Jawad marvelled at the intricate patterns hennaed on his wife's – his bride's, more precisely: they had just been married two days – hands. Elaborate curlicues, ornate lines twining around her slender fingers, frenetic petal bursts on her palms. Just looking at her hands stirred desire in him. Her delicate wrists, the stretch of dainty, satiny skin left bare by dangling sleeves (the latest fashion, she had told him); he wanted to grab her in his embrace. But this wasn't the time or place for that. They had just boarded a crowded van that would cart them uphill to the alpine retreat of Murree, to coniferous trees and rolling hills and mists: perfect for their honeymoon.
They were coming all the way from Multan: hot, dusty, parched Multan, its temperatures soaring even in this first week of May. The bus from Multan dropped them at Rawalpindi, the town that led you to Kashmir, to the foothills of the mighty Himalaya. They waited half an hour at the clogged, smelly, cacophonous bus-and-van station, trying to catch a ride to Murree. No buses were forthcoming anytime soon, so they decided on a van instead. It was derelict – seats ripped, inner rubber linings peeling and dangling serpentine over passengers' heads – and cramped, but also much cheaper. He took it nevertheless: he was eager to reach Murree as soon as possible. He had only been there once, as a child; he remembered that jaunt dimly: how he frolicked with cousins up and down pine-clad slopes, chomping spice-laced chips and roasted chickpeas, and shuddering in the unexpectedly nippy whiffs of alpine air. The trip had been all fun and excitement.
When the date of his wedding was decided, some cousins suggested Murree as a possible honeymoon destination. In early May the place would be cold enough to warrant pullovers and blankets; it was the perfect antidote to sweltering Multan. From his recollections, Jawad conjured up the alpine town in his mind: cool, eddying mists that kissed your skin, embraced you like a lover; sprawling, exuberant green vistas; narrow streets snaking around hills sporting strips of shops and cheap hotels that catered specifically to honeymooners. He had enthusiastically agreed to the suggestion. He couldn't wait, now, to slip into a room in one such hotel, its windows overlooking the fogged-over ripples of hills, and devour his young bride, his lovely Nazlee, in the cosy comfort of the quilted double bed. The thought prompted a wide grin and a pleasurable stirring in his loins. He now gleefully slipped his hand in Nazlee's as they settled in their rexine seats. A passenger or two frowned at this public display of intimacy. Hell with them, he thought. She's my wife after all. The van juddered into motion.
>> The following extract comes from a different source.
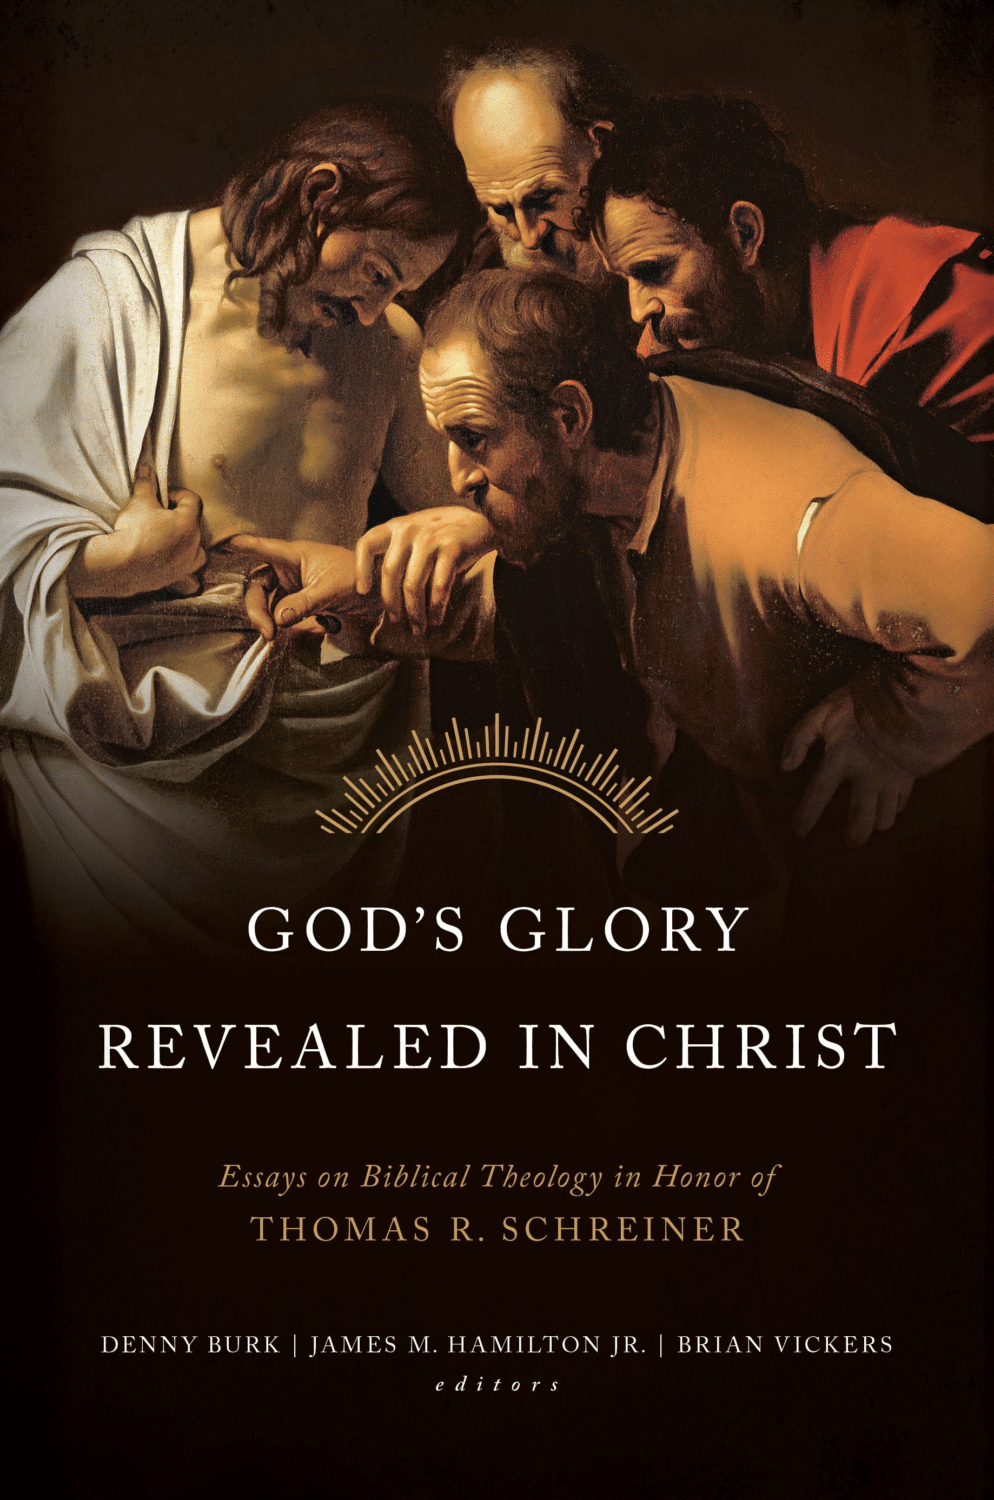 God’s Glory Revealed in Christ: Essays on Biblical Theology in Honor of Thomas R. Schreiner

Nazlee, too, was excited. She had never been to Murree in all her twenty years, had only seen it on TV. The idea of being there with Jawad, the two of them all by themselves, felt like an impossibly beautiful dream. She felt a giddy rush of excitement as he took her hand. It made her giggle. The last couple of days had been one thrill after another. Jawad – brash, cheery, frivolous, the quintessential romantic hero – was all she had secretly hoped and craved for; she had been reared on a staple diet of Indian movie romances and Mills & Boon paperbacks, and Jawad seemed straight out of one: a dashing, doting youth with thick curly hair and indulgent eyes and a stocky, sinewy figure that he brandished with a nonchalant conceit. She was glad their parents had decided to marry them off despite their youth (he was twenty) and the fact that he was still looking for a decent livelihood. Youth was the only time to enjoy yourself, Nazlee believed, before life encumbered you with responsibilities and wore you out. She intended to enjoy hers fully, or at least as much as she could. She had happily acquiesced when her parents suggested Jawad and marriage. And before long she had fallen in love with him; she was sure of that. He seemed irresistible. So what if he was jobless? Few people were employed at his age. There were some reservations in her family regarding his future prospects – he had been a wayward student, had scrabbled to obtain a dubious bachelor's degree in commerce, an outmoded discipline – but his parents had insisted that the responsibility of married life would straighten him out. Nazlee, Jawad's mother had quipped, would fix him. Nazlee had blushed at that. She went for him, headlong. And so far the marriage had been a pure joyride.